IRC § 593 allows a deduction for bad debt reserves for “any domestic building and loan association” that meets the requirements of § 7701(a)(19). 4 26 U.S.C. § 593. Section 7701 provides definitions, including in sub-part (a)(19), the following definition of “domestic building and loan association” (“DBLA”), that sets forth three tests:
(a) When used in this title, where not otherwise distinctly expressed or manifestly incompatible with the intent thereof—
(19) Domestic building and loan association.—The term “domestic building and loan association” means a domestic building and loan association, a domestic savings and loan association, and a Federal savings and loan association—
(A) which either (i) is an insured institution within the meaning of section 401(a) of the National Housing Act ... or (ii) is subject by law to supervision and examination by State or Federal authority having supervision over such associations;
(B) the business of which consists principally of acquiring the savings of the public and investing in loans; and
(C) at least 60 percent of the amount of the total assets of which (at the close of the taxable year) consists of—[various elements]
26 U.S.C. § 7701(a)(19).
Barnett argues that the Tax Court erred in finding that the tax benefits accruing to “building and loan associations” are limited *209 to financial institutions with that particular label. Instead, Barnett contends that financial institutions that 1) substantively perform the functions of DBLA’s, and 2) qualify under the § 7701(a)(19) tests, are eligible for tax treatment under § 593, regardless of whether they are chartered as DBLA’s. We disagree.

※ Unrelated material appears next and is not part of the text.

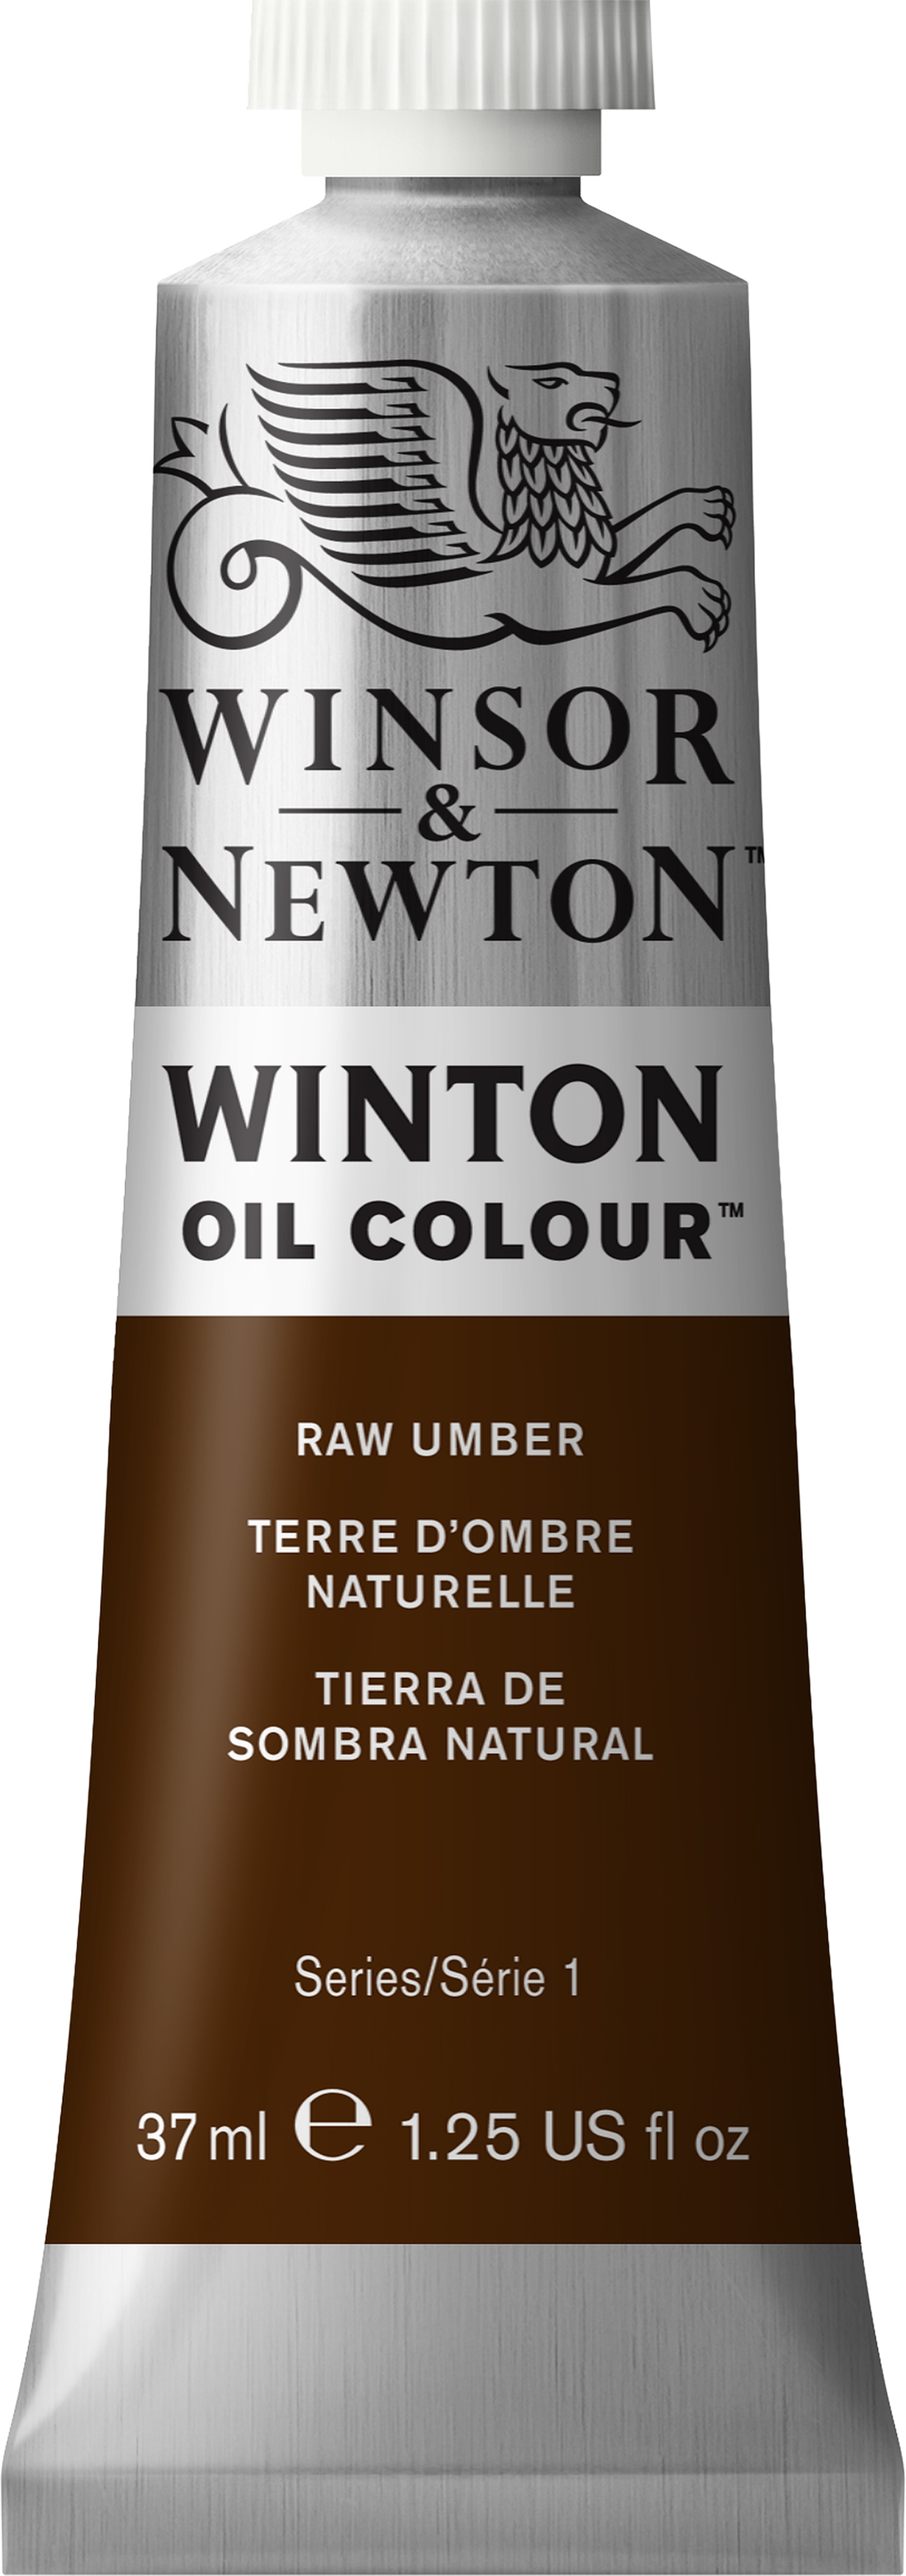 Winsor & Newton Winton Oil Colour 37ml-Raw Umber

A plain reading of § 7701(a)(19) indicates that an institution must be either a “a domestic building and loan association, a domestic savings and loan association, [or] a Federal savings and loan association” (and also must meet the three tests) to qualify as a DBLA for purposes of the code. Section 7701(a)(4)’s definition of “domestic” requires organization under state or federal law. 26 U.S.C. § 7701(a)(4) (defining “domestic” as “created or organized in the United States or under the law of the United States or of any State”). Therefore, “domestic building and loan association” or “domestic savings and loan association” must mean a building (or savings) and loan association organized as such under the law of the state of Florida (in this case) or the United States. An association that performs similar or even identical functions to a DBLA, but that is not organized under state or federal law as one of the statutorily delineated associations, cannot qualify under the plain meaning of the statute. We note that in a 1990 Revenue Ruling directly on point, the IRS concluded that an institution chartered as a bank could not qualify as a DBLA under § 7701. Rev. Rui. 90-54, 1990-2 C.B. 270, 1990 WL 675399. Rejecting a functional test, the Service explained that the introductory language of subpart (a)(19) set forth a threshold requirement:
“[an institution must] be one of the three types listed ... It is ... not enough that substantially all of the business of the association is confined to making loans to members. It must still be a domestic building and loan association, a domestic savings and loan association, or a Federal savings and loan association [to qualify as a DBLA].”
Id. (internal quotations and citations omitted).